● Raw data:

-----

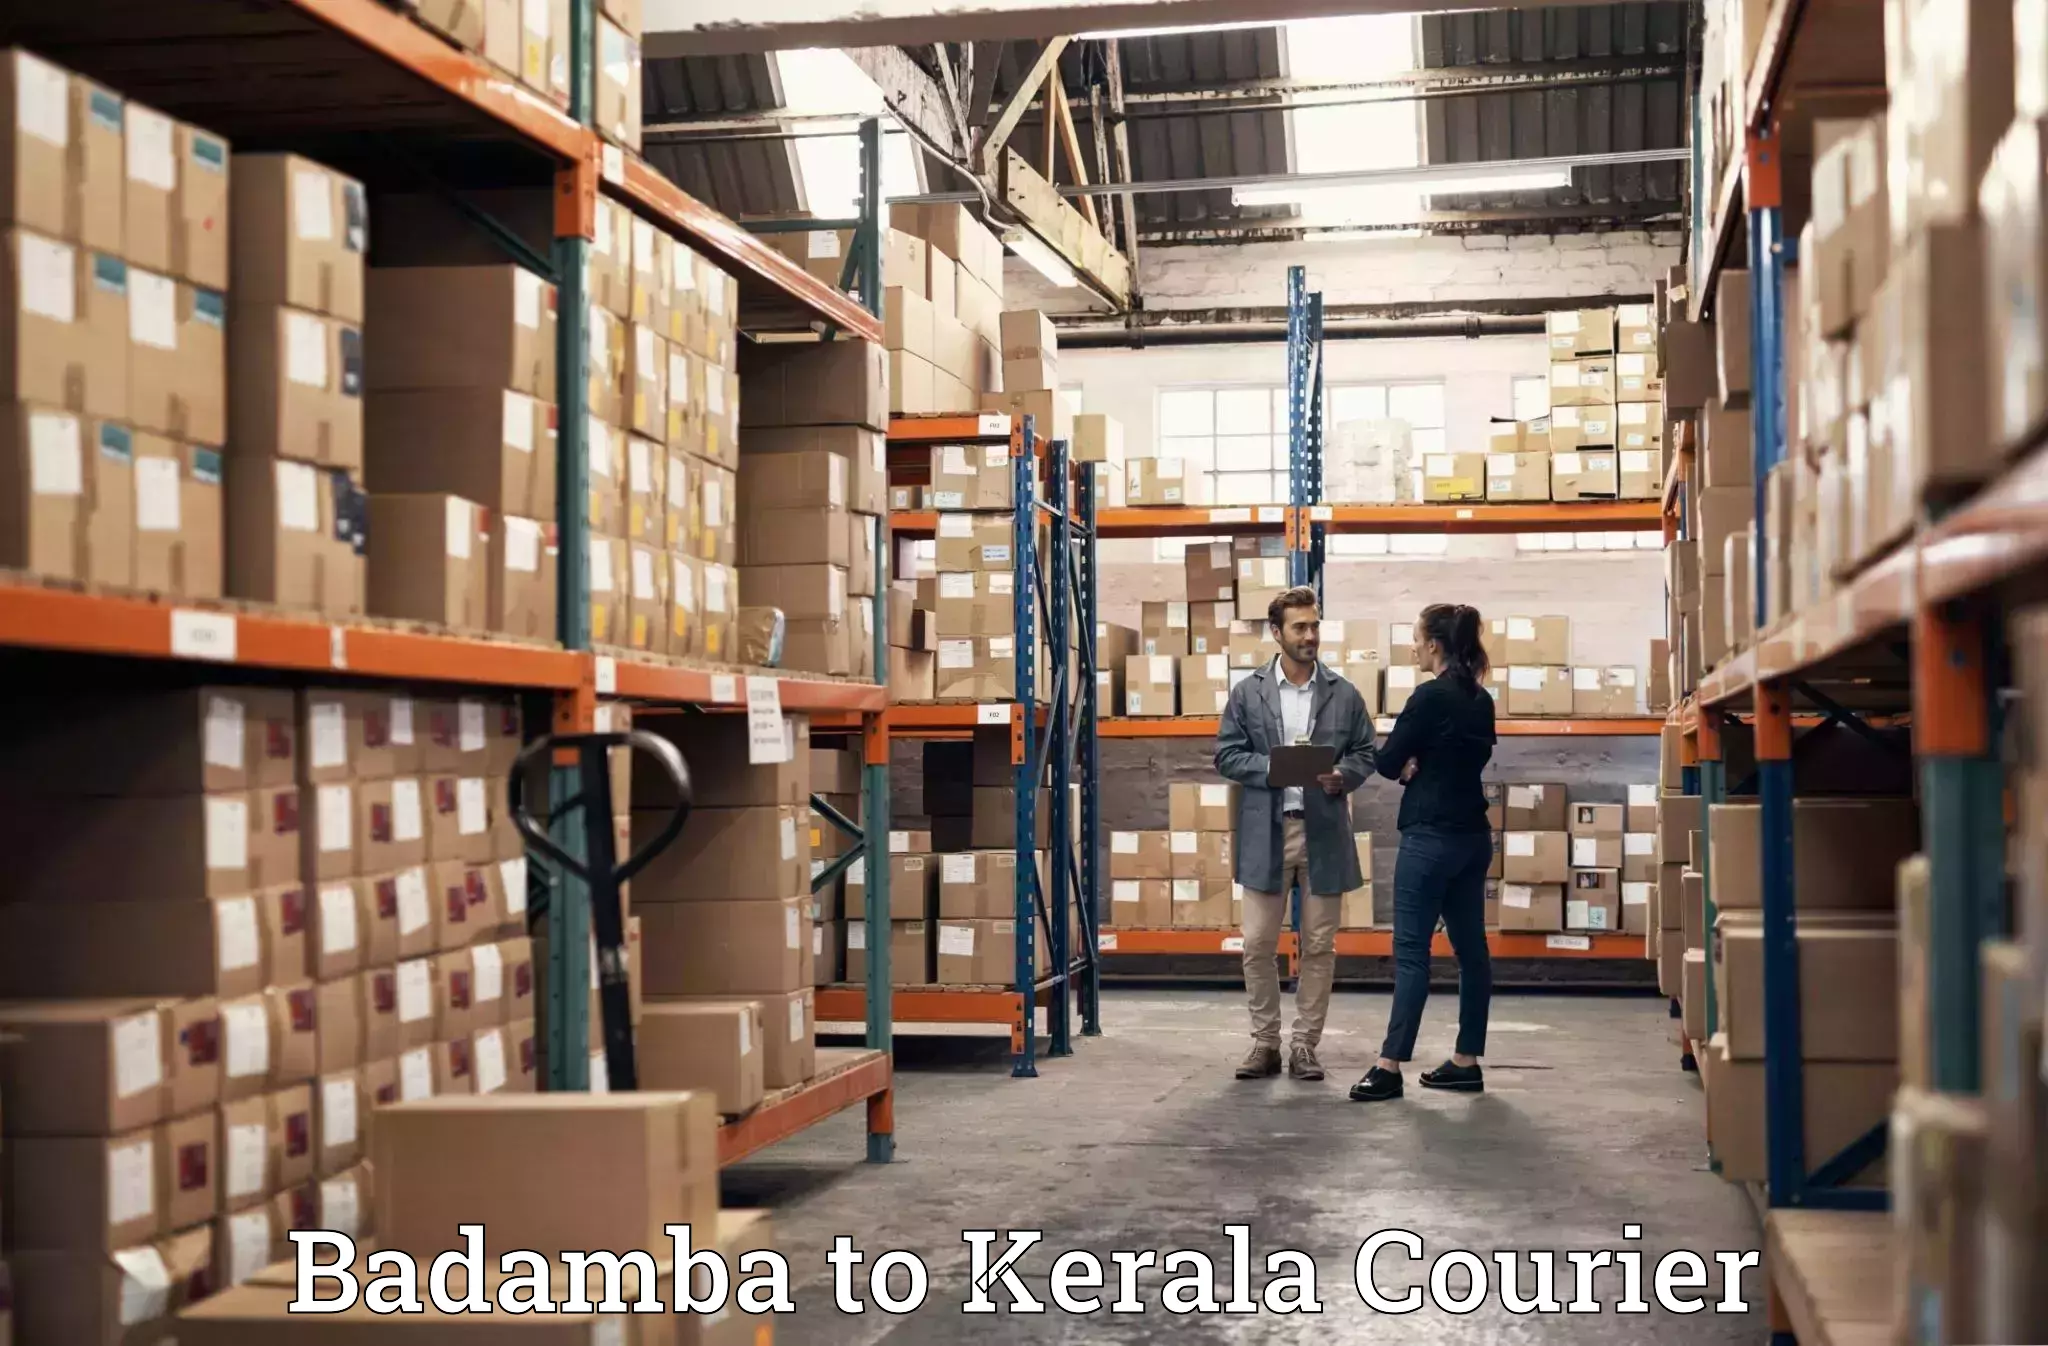 Home goods moving company Badamba to Kerala
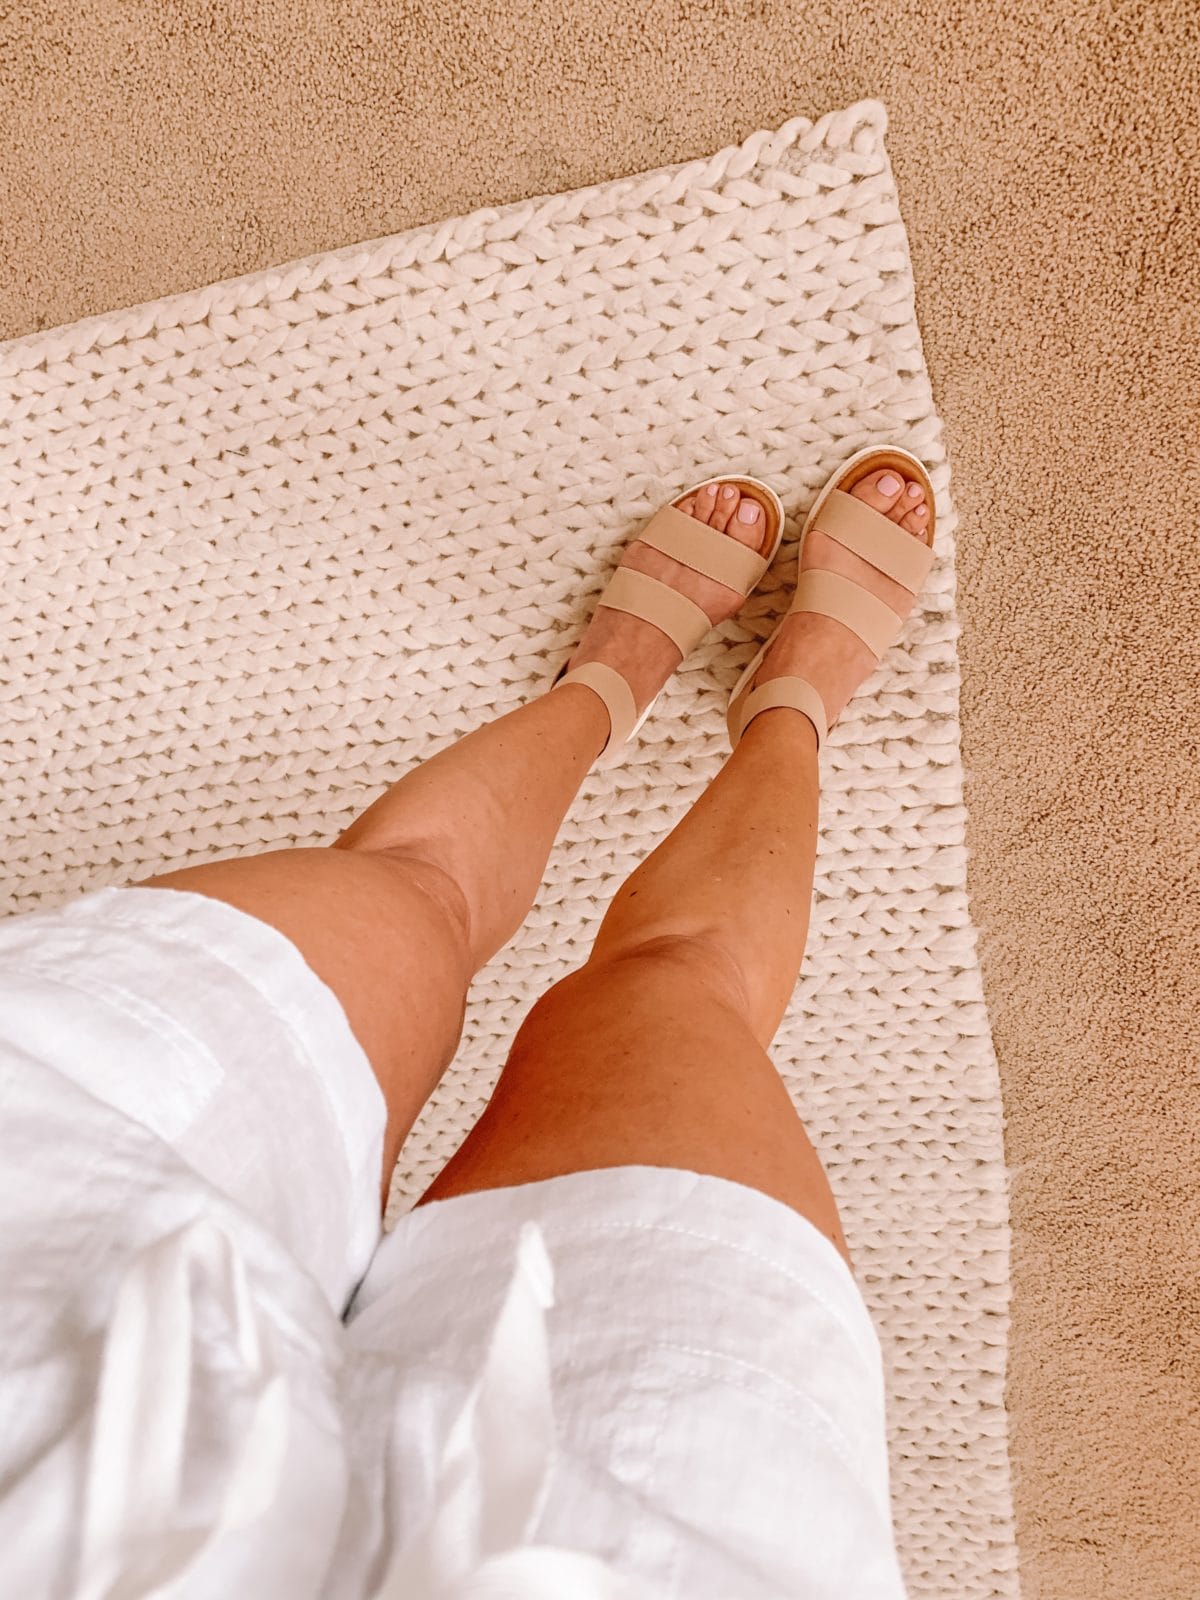 Dressing Room Finds Nordstrom, Platform Sandals, Linen Shorts
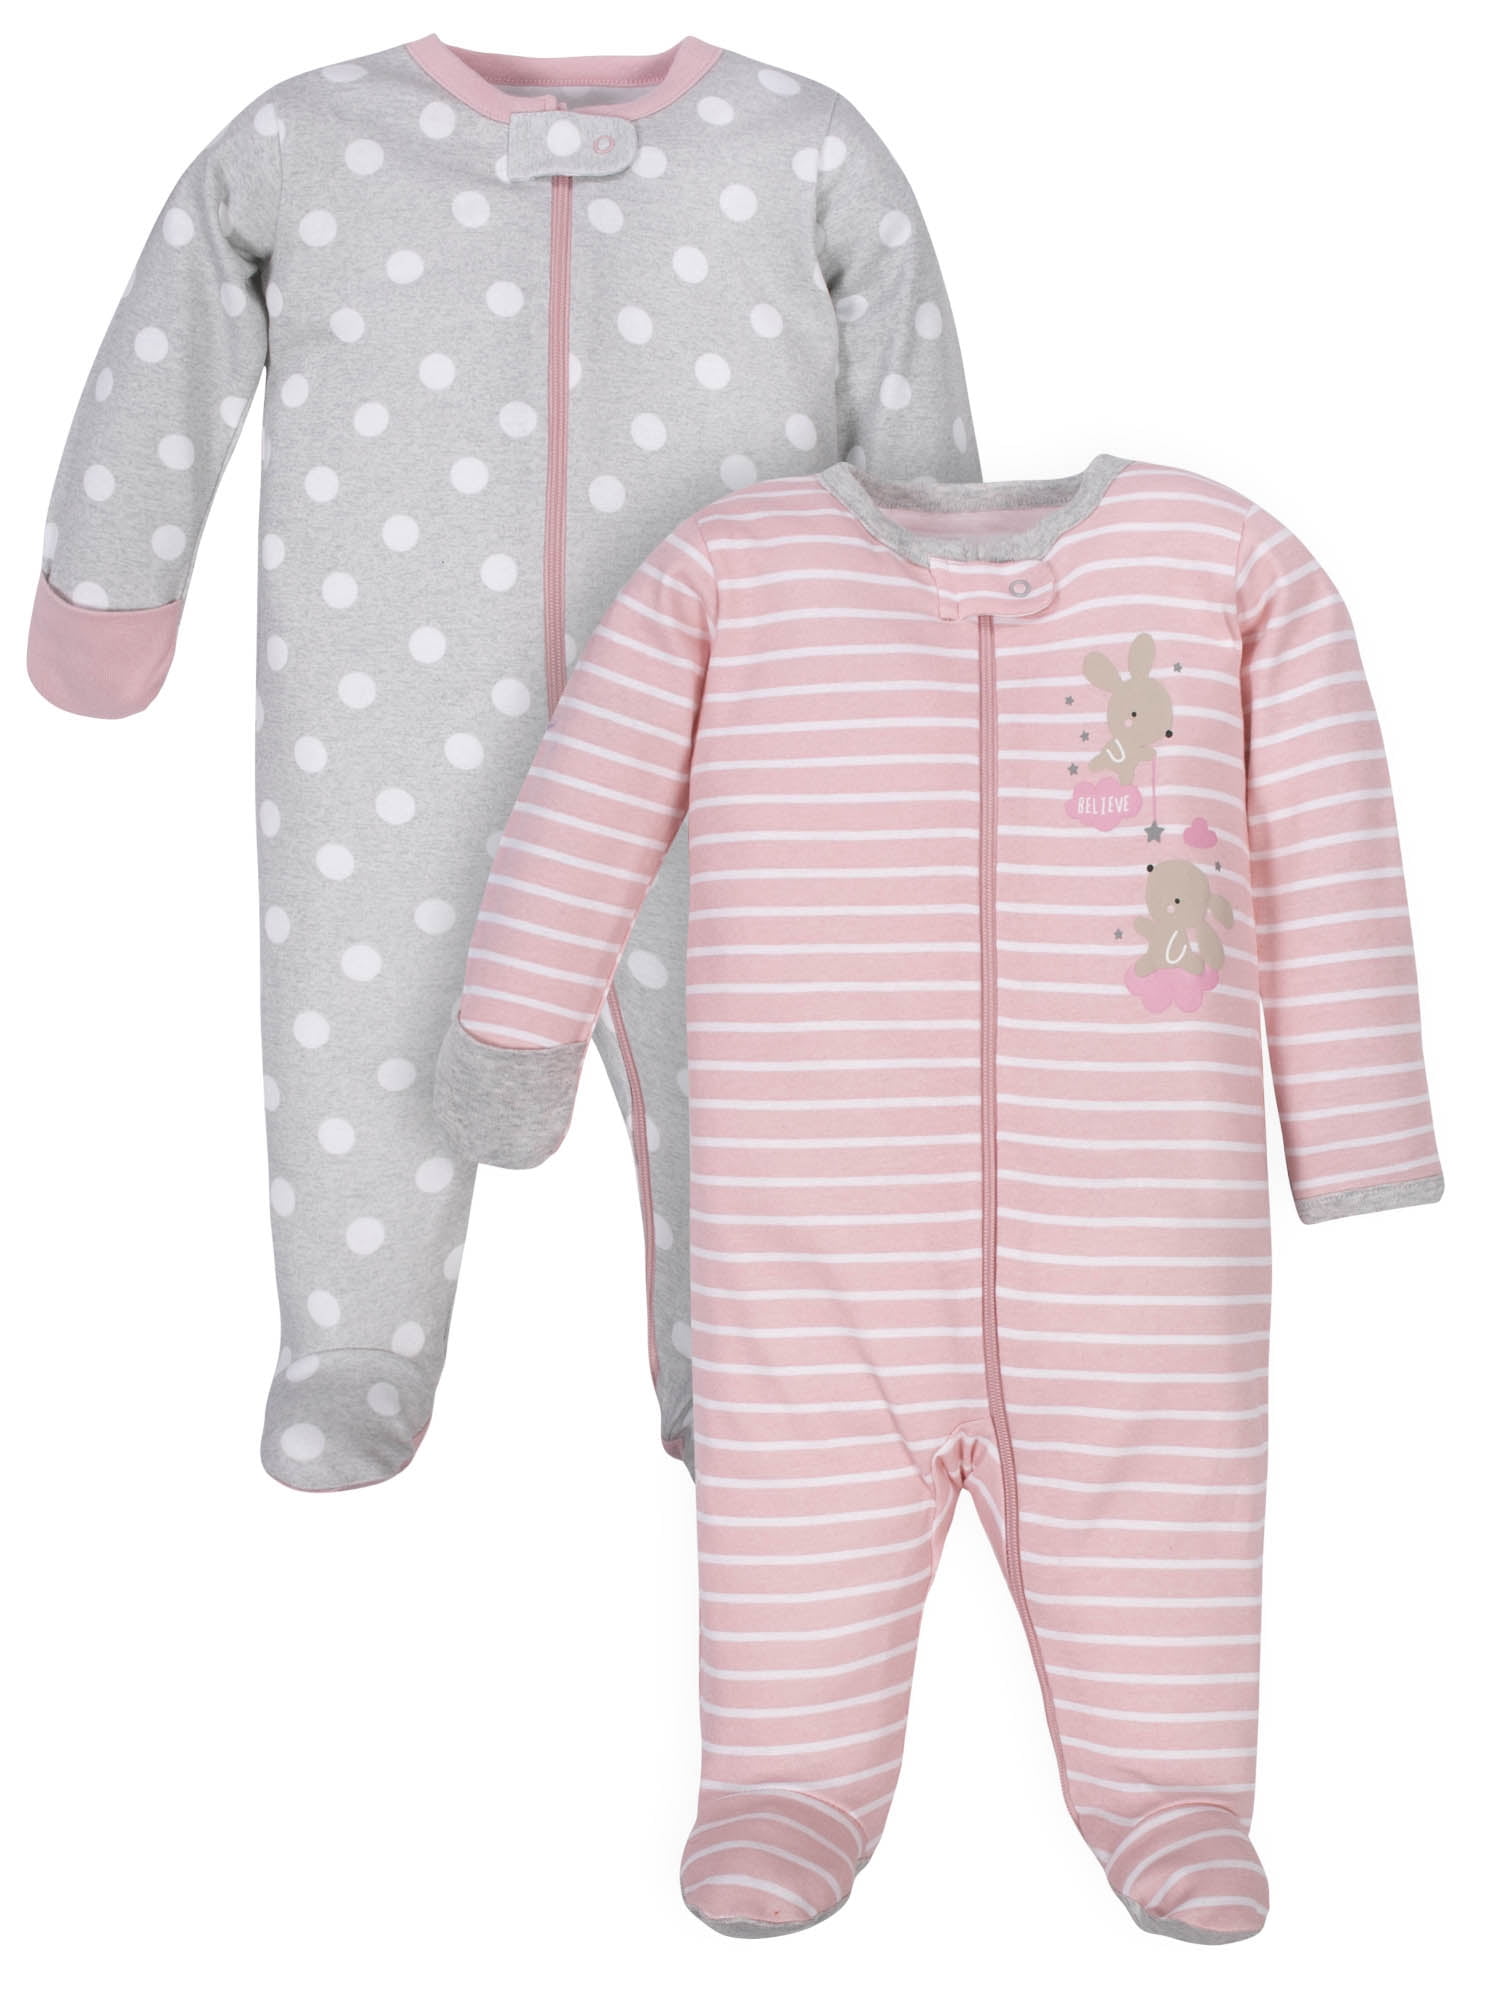 Baby Footed Pajamas with Mitten Cuffs Unisex Newborn Infant 2 Ways Zipper Cotton Footie Onesies

-----

An exact copy of the material above is required, minus its images.

● Exercise result:
 Home goods moving company Badamba to Kerala
 Dressing Room Finds Nordstrom, Platform Sandals, Linen Shorts
 Baby Footed Pajamas with Mitten Cuffs Unisex Newborn Infant 2 Ways Zipper Cotton Footie Onesies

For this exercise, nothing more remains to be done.